## REQUIREMENT
A faithful, word-for-word copy of the data below is required, without pictures.

## RECORDED DATA
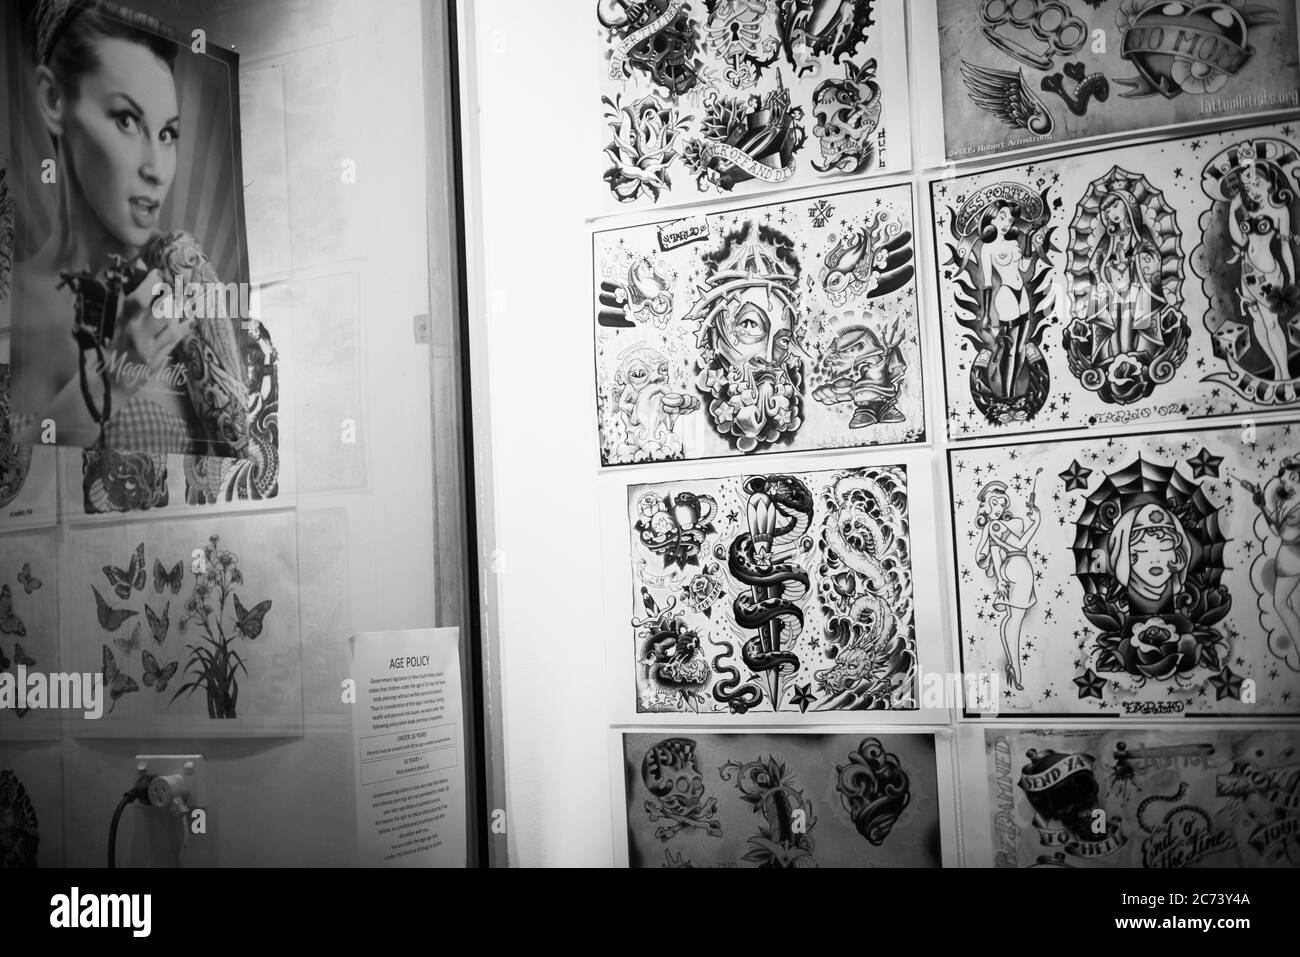 Lo que pasa en Tattoo World, una sala de tatuajes en Sydney Australia. Foto de stock
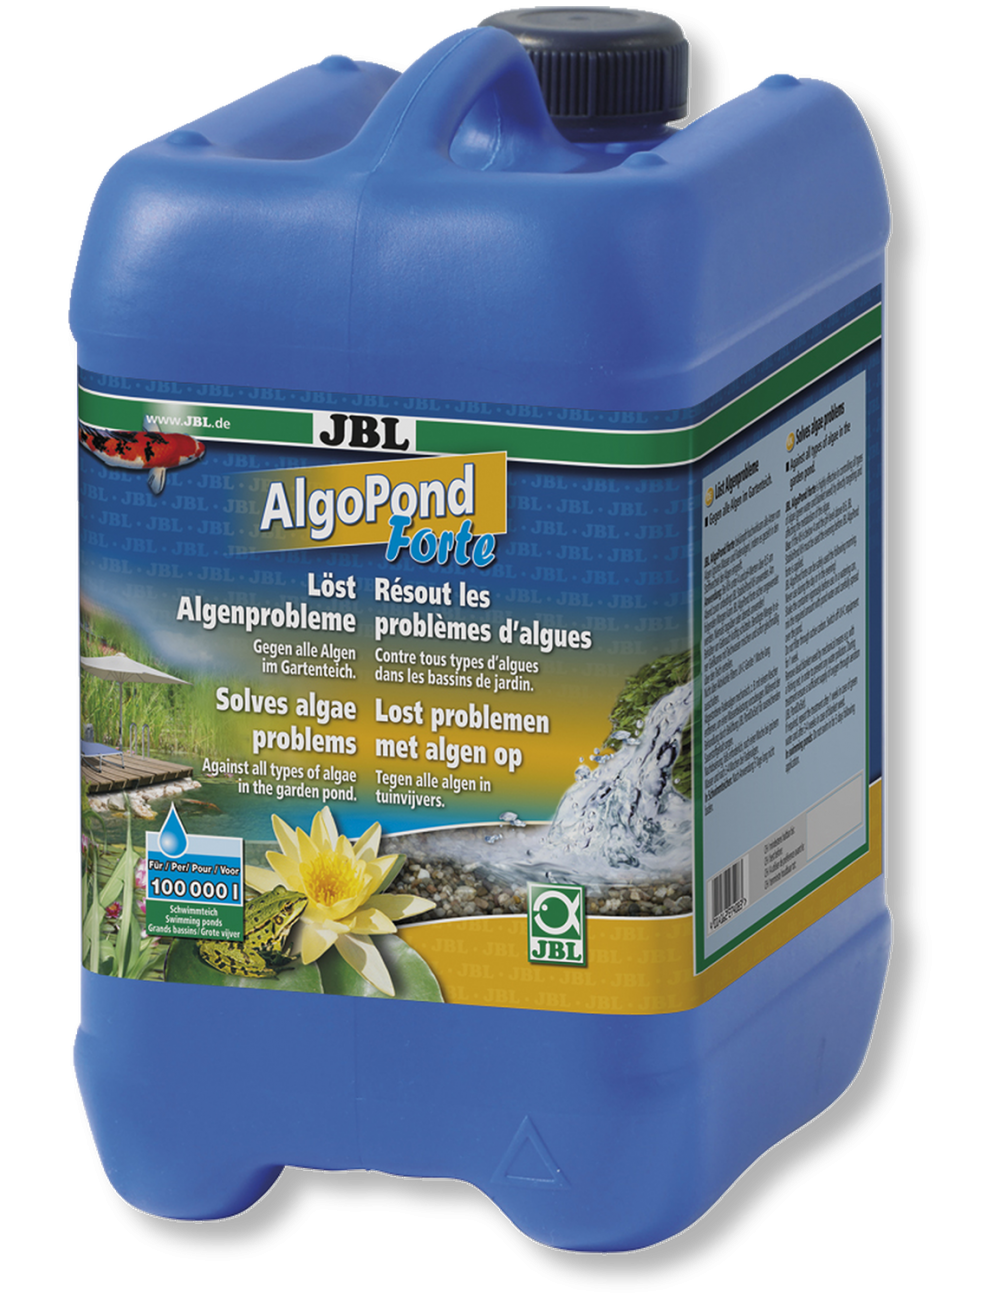 JBL - AlgoPond Forte - 5l - Conditionneur d'eau contre toutes les algues
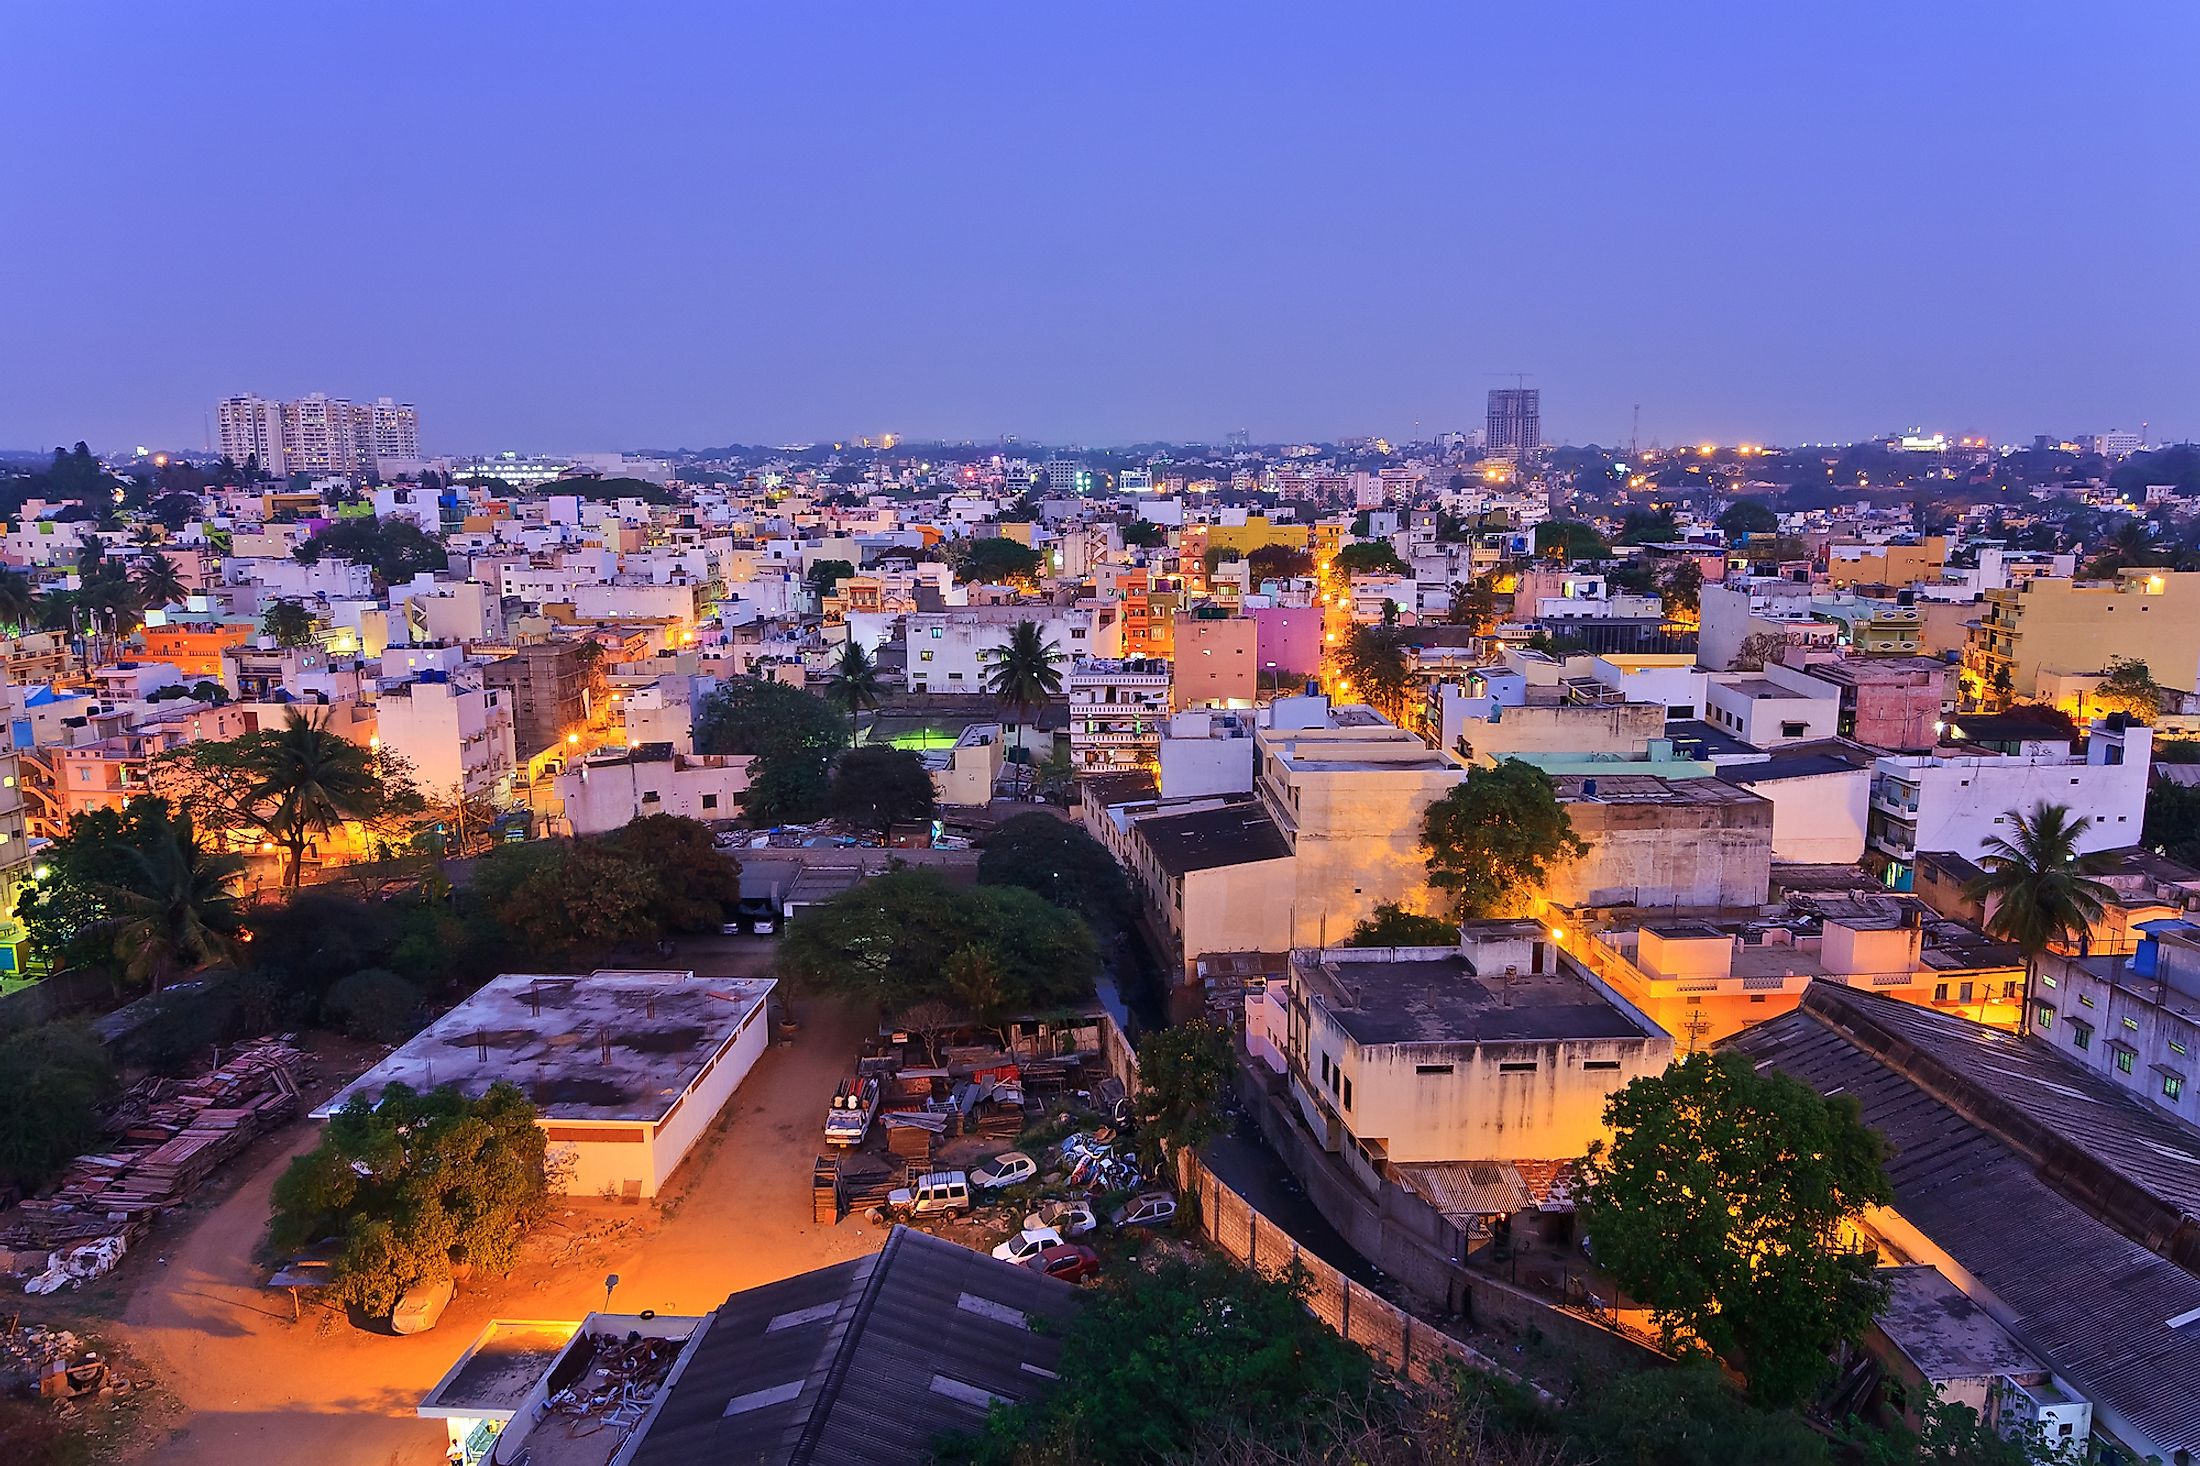 Bangalore city skyline in resident zone, Bangalore, India.

## TASK OUTPUT
 Lo que pasa en Tattoo World, una sala de tatuajes en Sydney Australia. Foto de stock
 JBL - AlgoPond Forte - 5l - Conditionneur d'eau contre toutes les algues
 Bangalore city skyline in resident zone, Bangalore, India.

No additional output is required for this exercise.